Not surprisingly, there are bound to be detractors who believe he is in cahoots with the competition.

But his tweets and much of the discussion that comes with them from followers is a "must read" for anyone involved in this industry.  Dare we say, gamblers should read as well.

Put Em Away MJ writes:

"Their hold % is unsustainable. Their taxes are being increased. There is public momentum that these apps are dangerous and a nuisance to society. There’s a new scandal every season for each sport. Baseball even did it twice in 3 months!"

Radnor Capital tweeted:

"This makes sense - they burnt cash for several years on user acquisition and promos ahead of a massive market opportunity opening up. Now they are starting to harvest. $2bn in EBITDA in CY 2026 with high flow through to free cash flow. Stock trading ~9x that number..."
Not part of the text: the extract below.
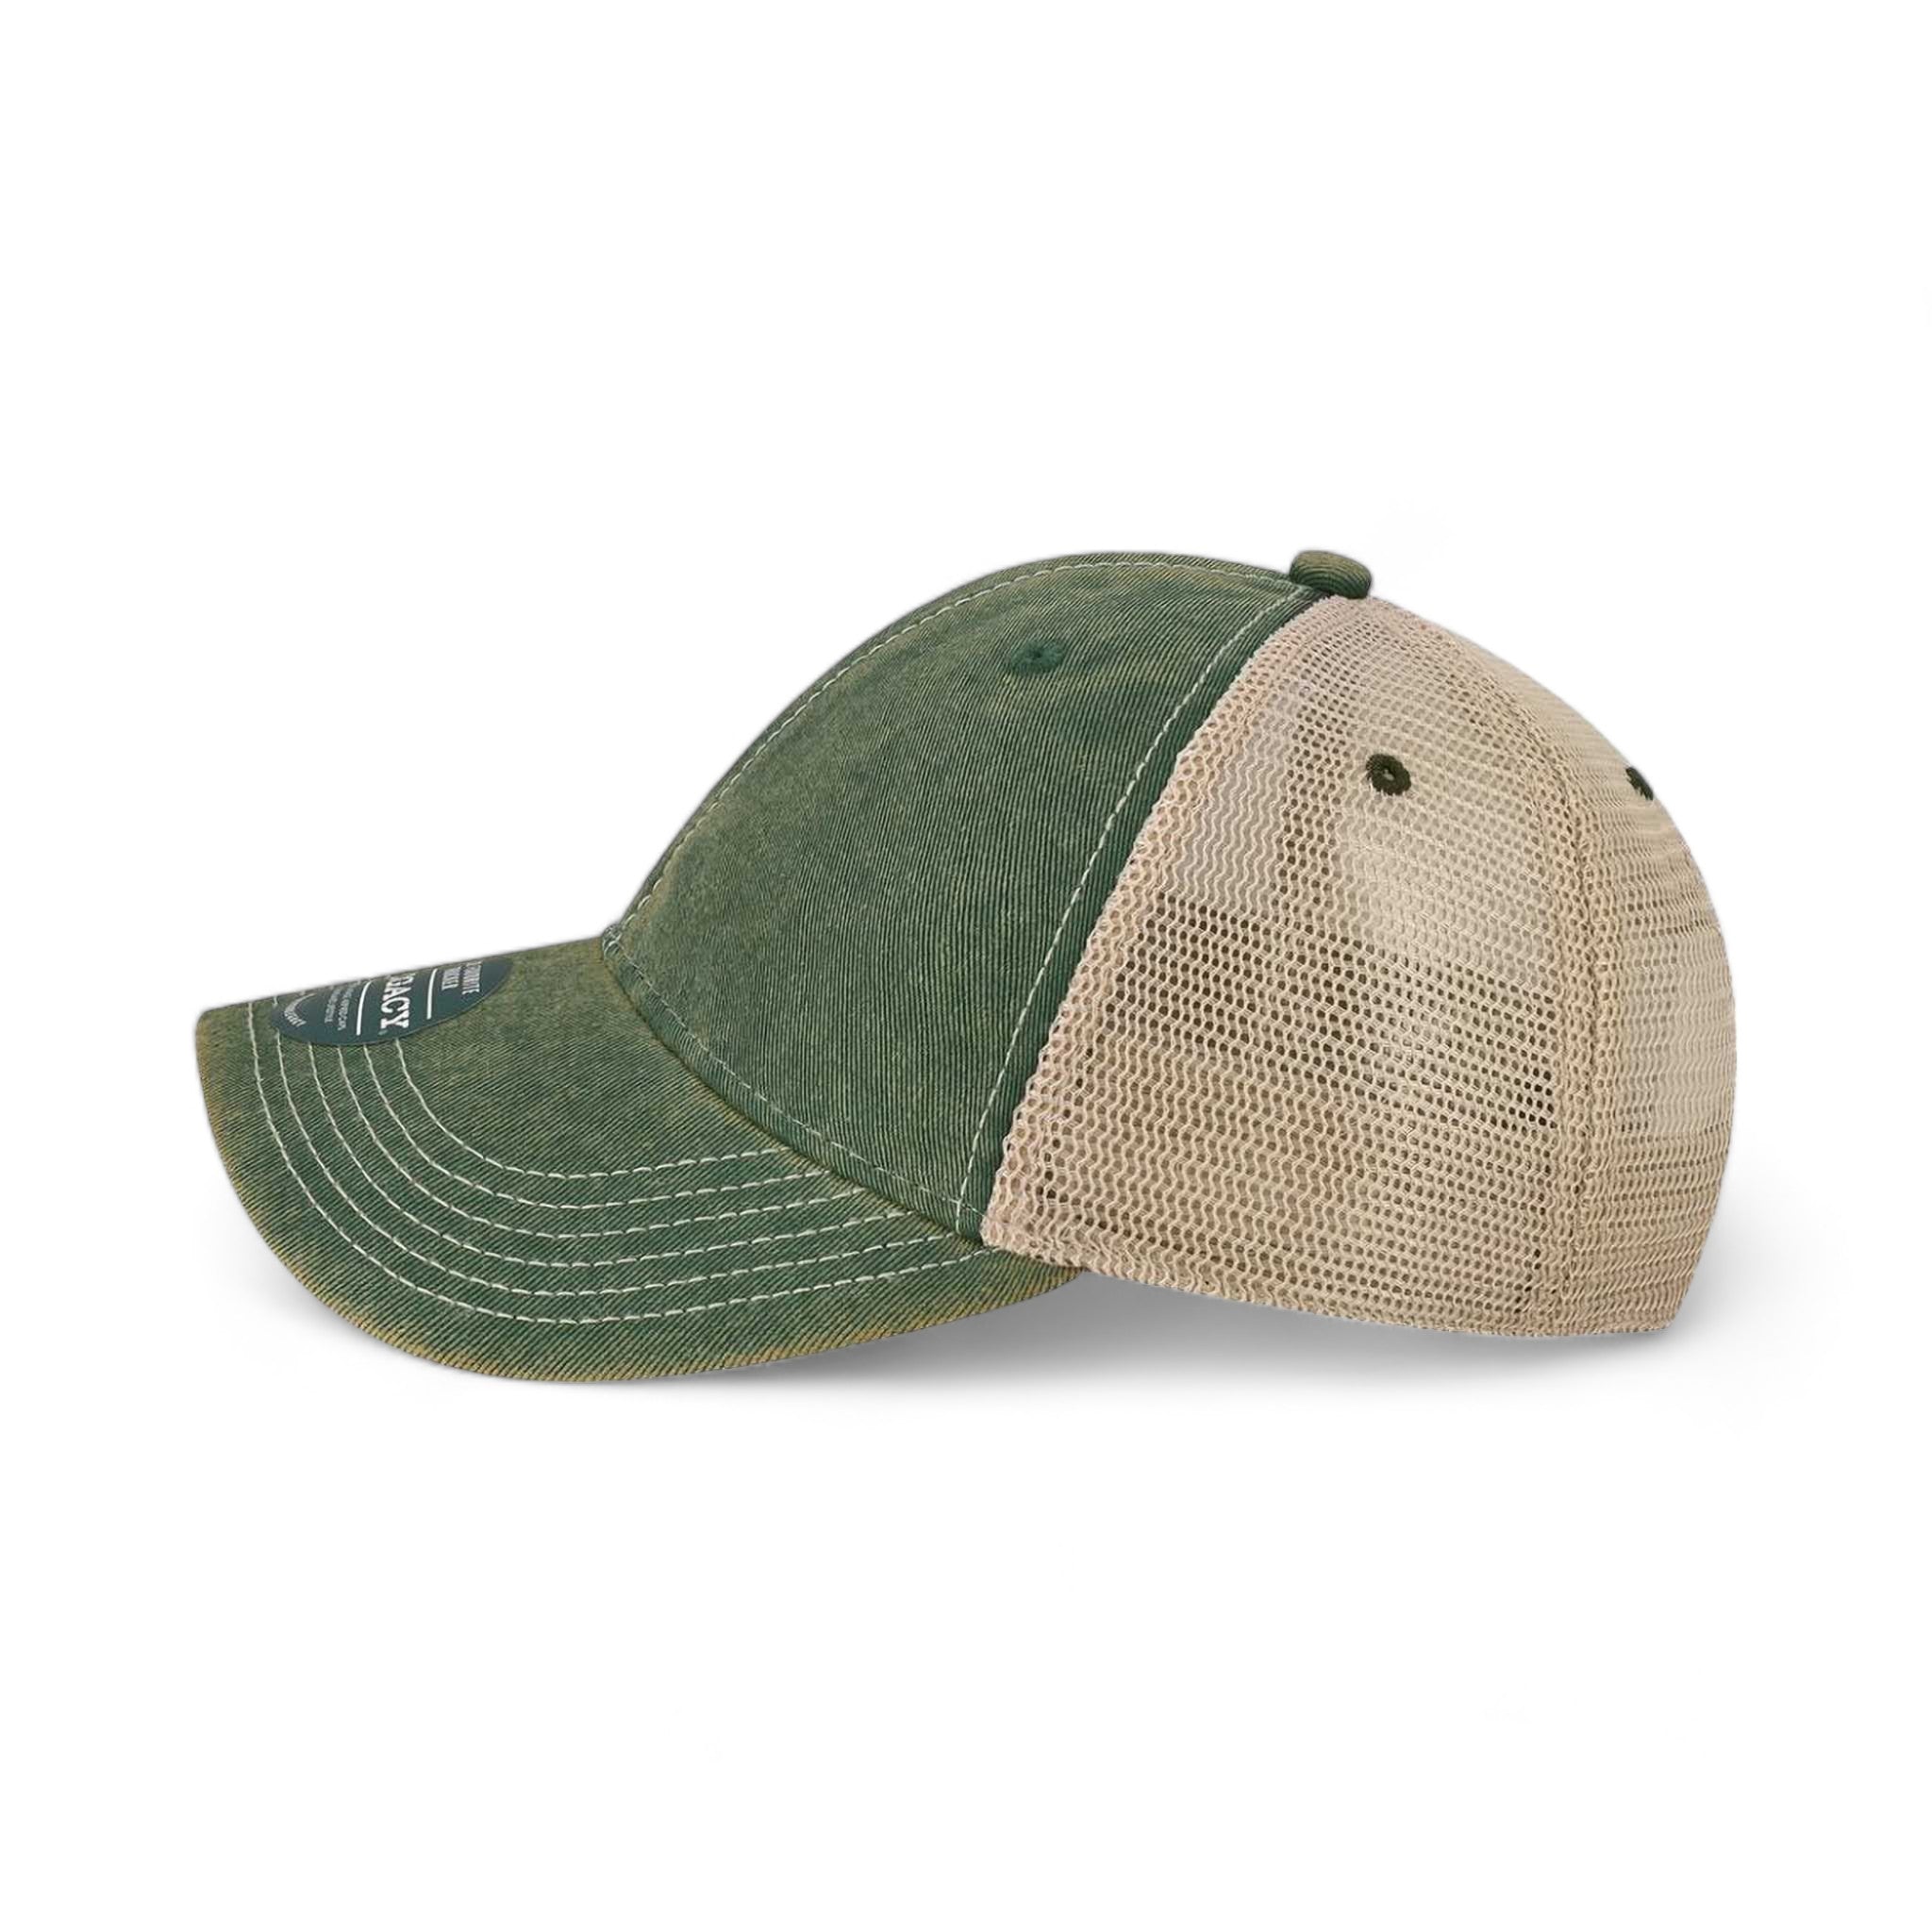 Side view of LEGACY OFAY custom hat in dark green and khaki
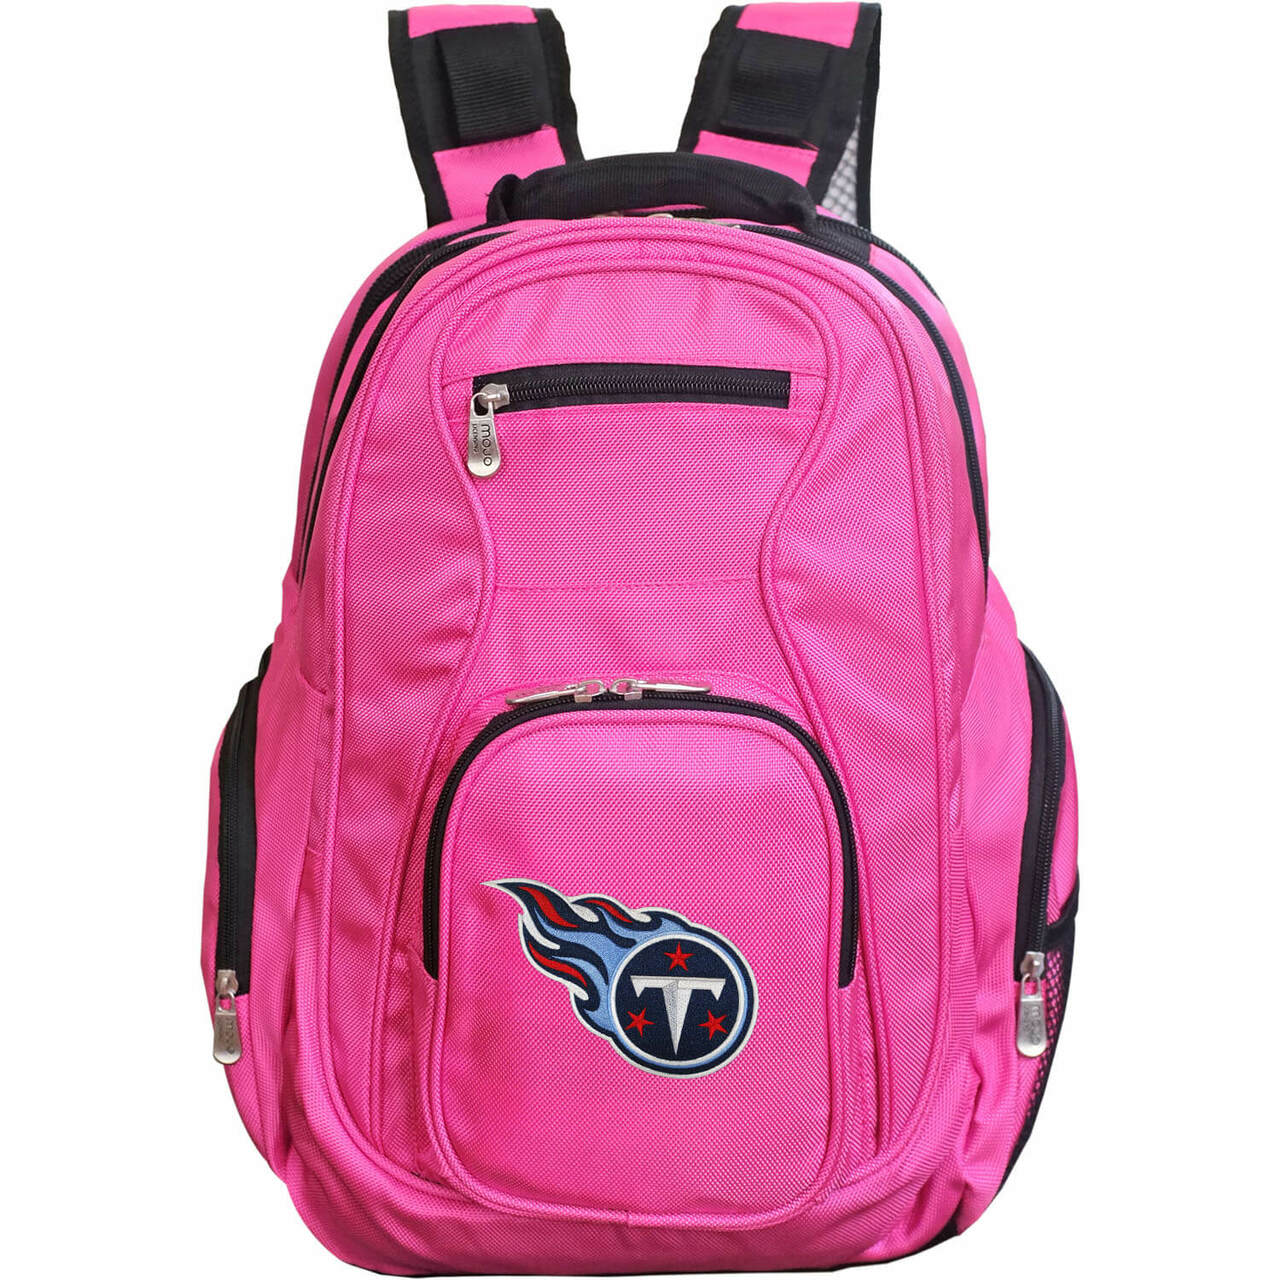 Titans Backpack | Tennessee Titans Laptop Backpack- Pink

While some would argue the company is aligned with major sports leagues and are essentially "too big to fail", Gambling911.com long term readers need only go back a little over a decade to recall Full Tilt Poker.  A representative of that company once bragged to us that they had pretty much "bought the ACH system".  They had a point there, whether exaggerated or not.

In response to these numbers, an industry insider tells us the $6 billion "cumulative' loss on the balance sheet is not really something that occurred over a two month period.